Se Status in Patients with Crohn's Disease

Most of the studies on the Se status in patients with IBD have reported values far below the requirements for optimization of Sepp1.^13,21,–30 In particular, patients with CD are often Se-deficient in comparison to healthy controls with their Se status assessed by measurements of plasma Se concentration,²⁴ serum Se concentration,^13,22,23,26 plasma, serum or erythrocyte GPx activity,^21,24,25,27 and serum Sepp1 concentration²³ (see Table1 for a listing). The cause–effect relationship of a low Se status in patients with CD has received much attention because it is pivotal to uncover selenium's role in the disease. Factors, suggesting that Se deficiency is rather a result than a cause of CD, are malabsorption and malnutrition of Se.

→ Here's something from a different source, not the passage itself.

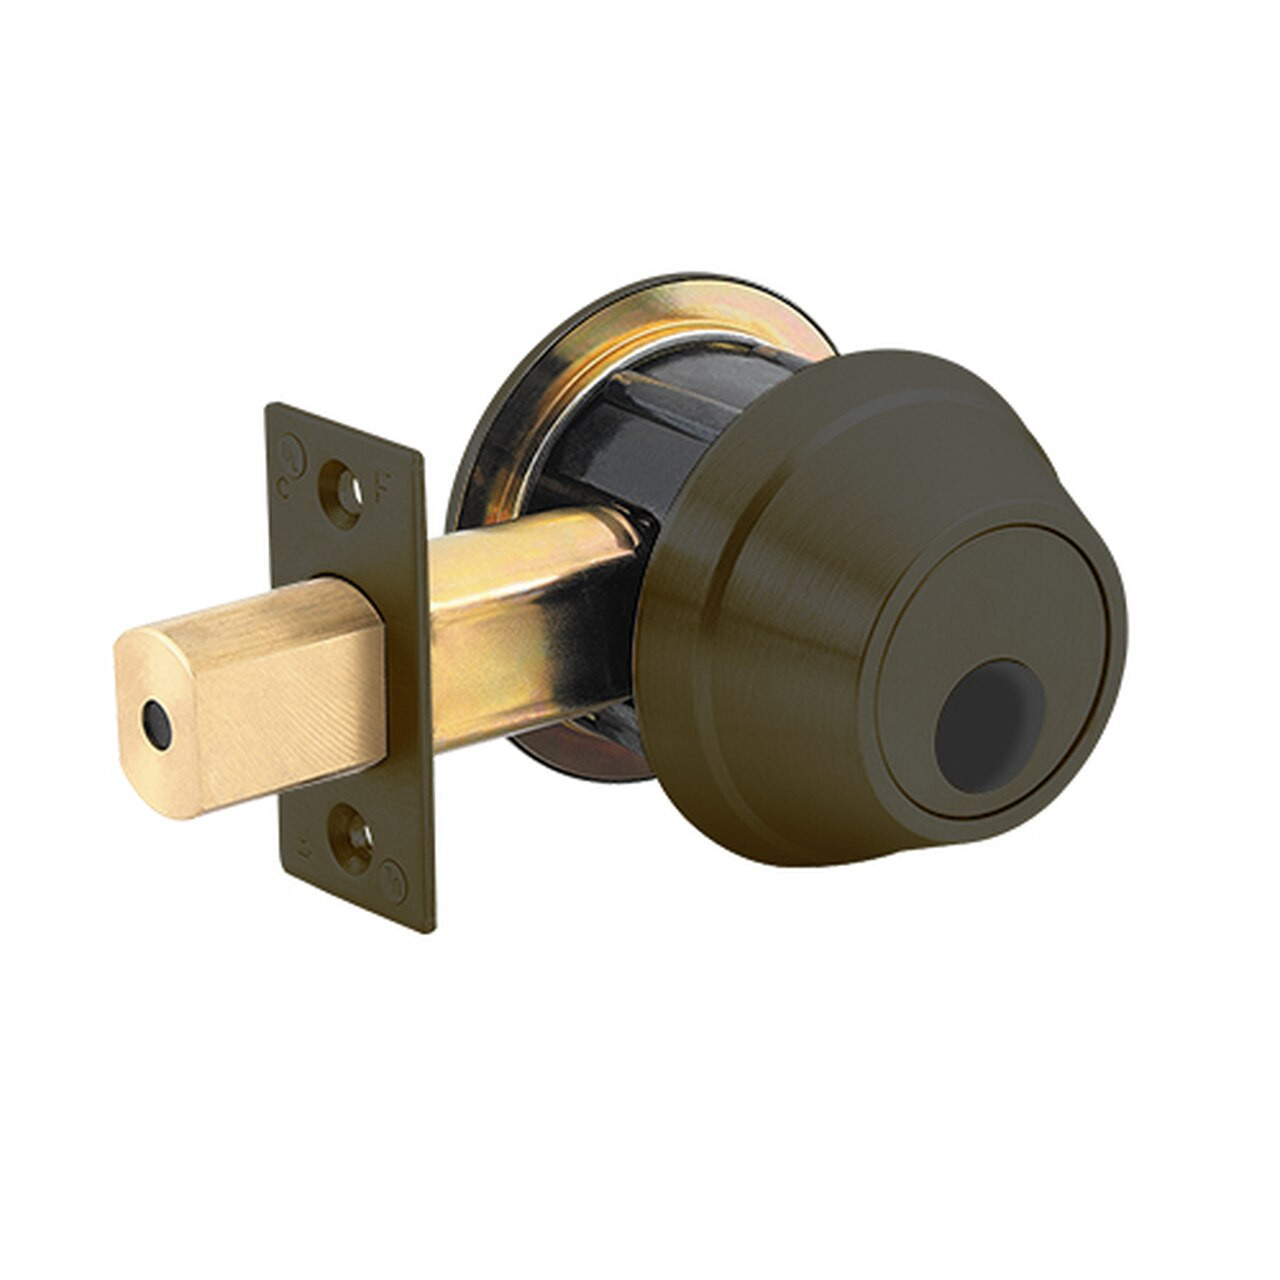 QDB282-613-R4-NOS-SC Stanley QDB200 Series Double Cylinder Standard Duty Auxiliary Deadbolt Lock in Oil Rubbed Bronze Finish
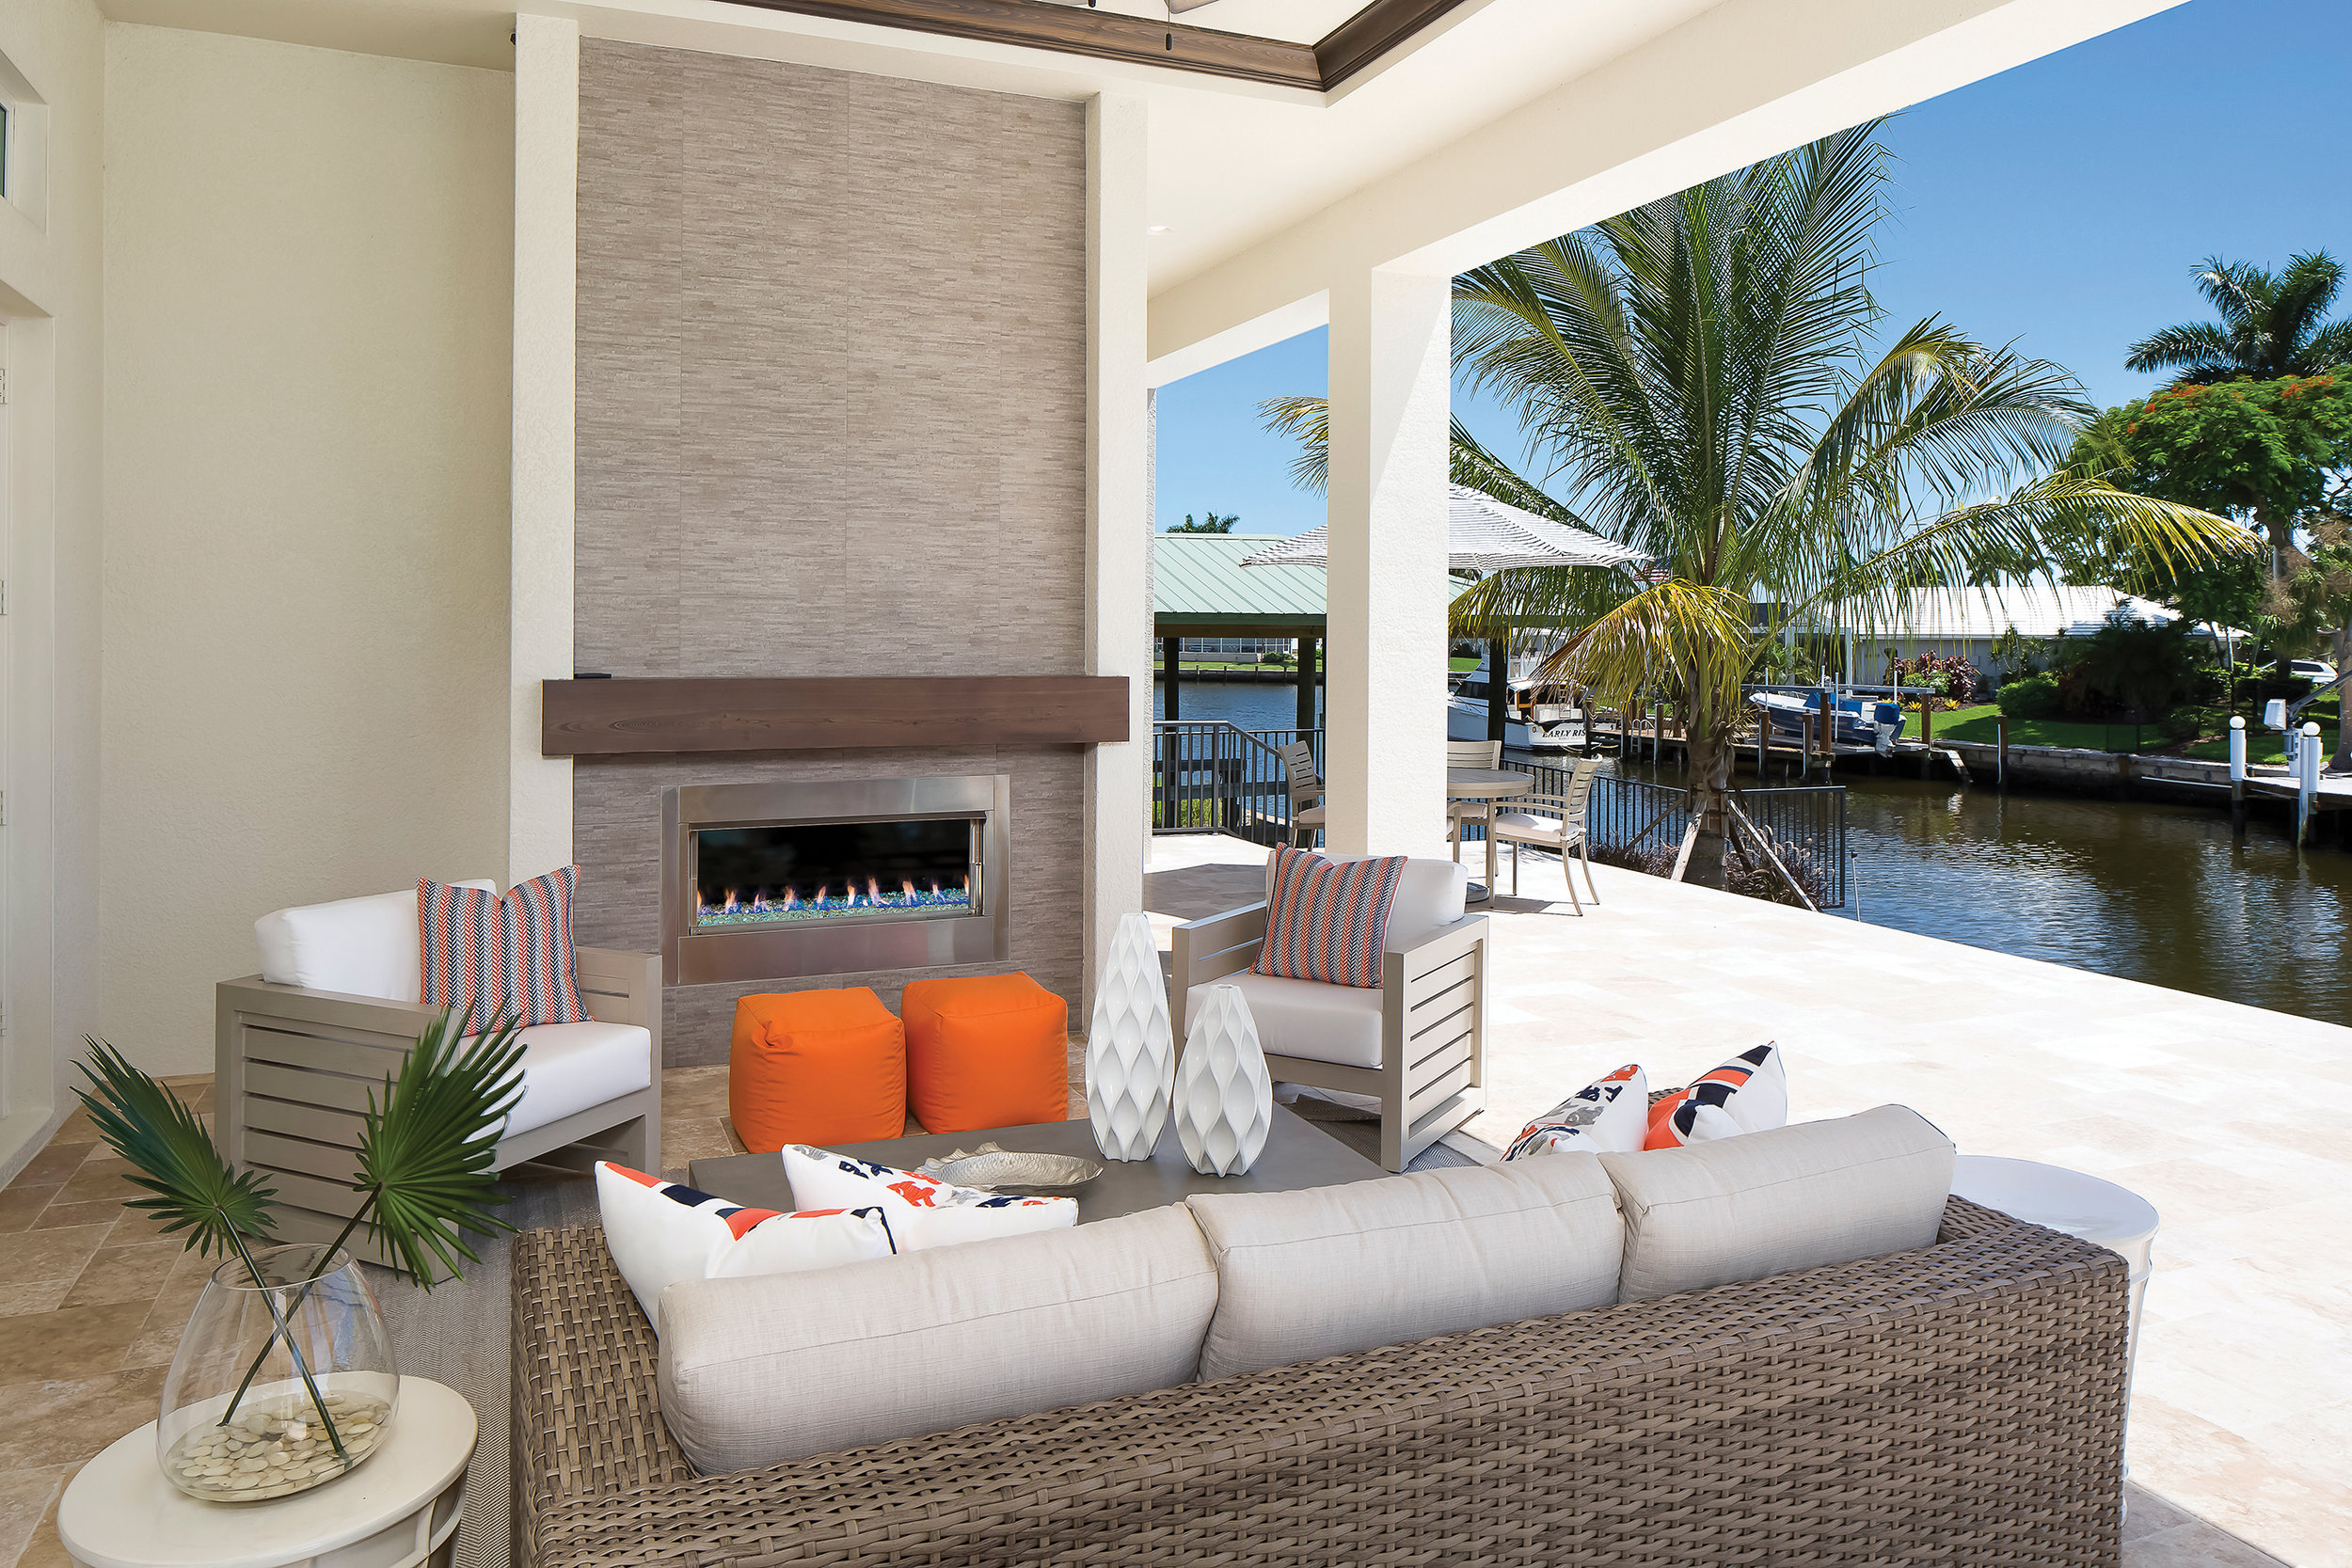  The lanai offers multiple seating and entertaining areas. The main living space is a fun mix of vibrant orange and resort-style seating options. The fireplace with vibrant blue glass and the feature wall create the perfect outdoor focal point. Beyon

The length of the resected small bowel correlated inversely with plasma and erythrocyte Se concentration and GPx activity in patients with CD who had undergone small bowel resection.²¹ Se status was severely impaired in patients with resection of >200-cm small bowel. Moreover, the length of the small bowel correlated with the uptake of radiolabeled [⁷⁵Se] selenite in patients suffering from short bowel syndrome.³¹ These observations reinforce that small bowel-resected CD patients under enteral nutrition (EN) are at risk of Se deficiency because of malabsorption through a decreased absorption surface area.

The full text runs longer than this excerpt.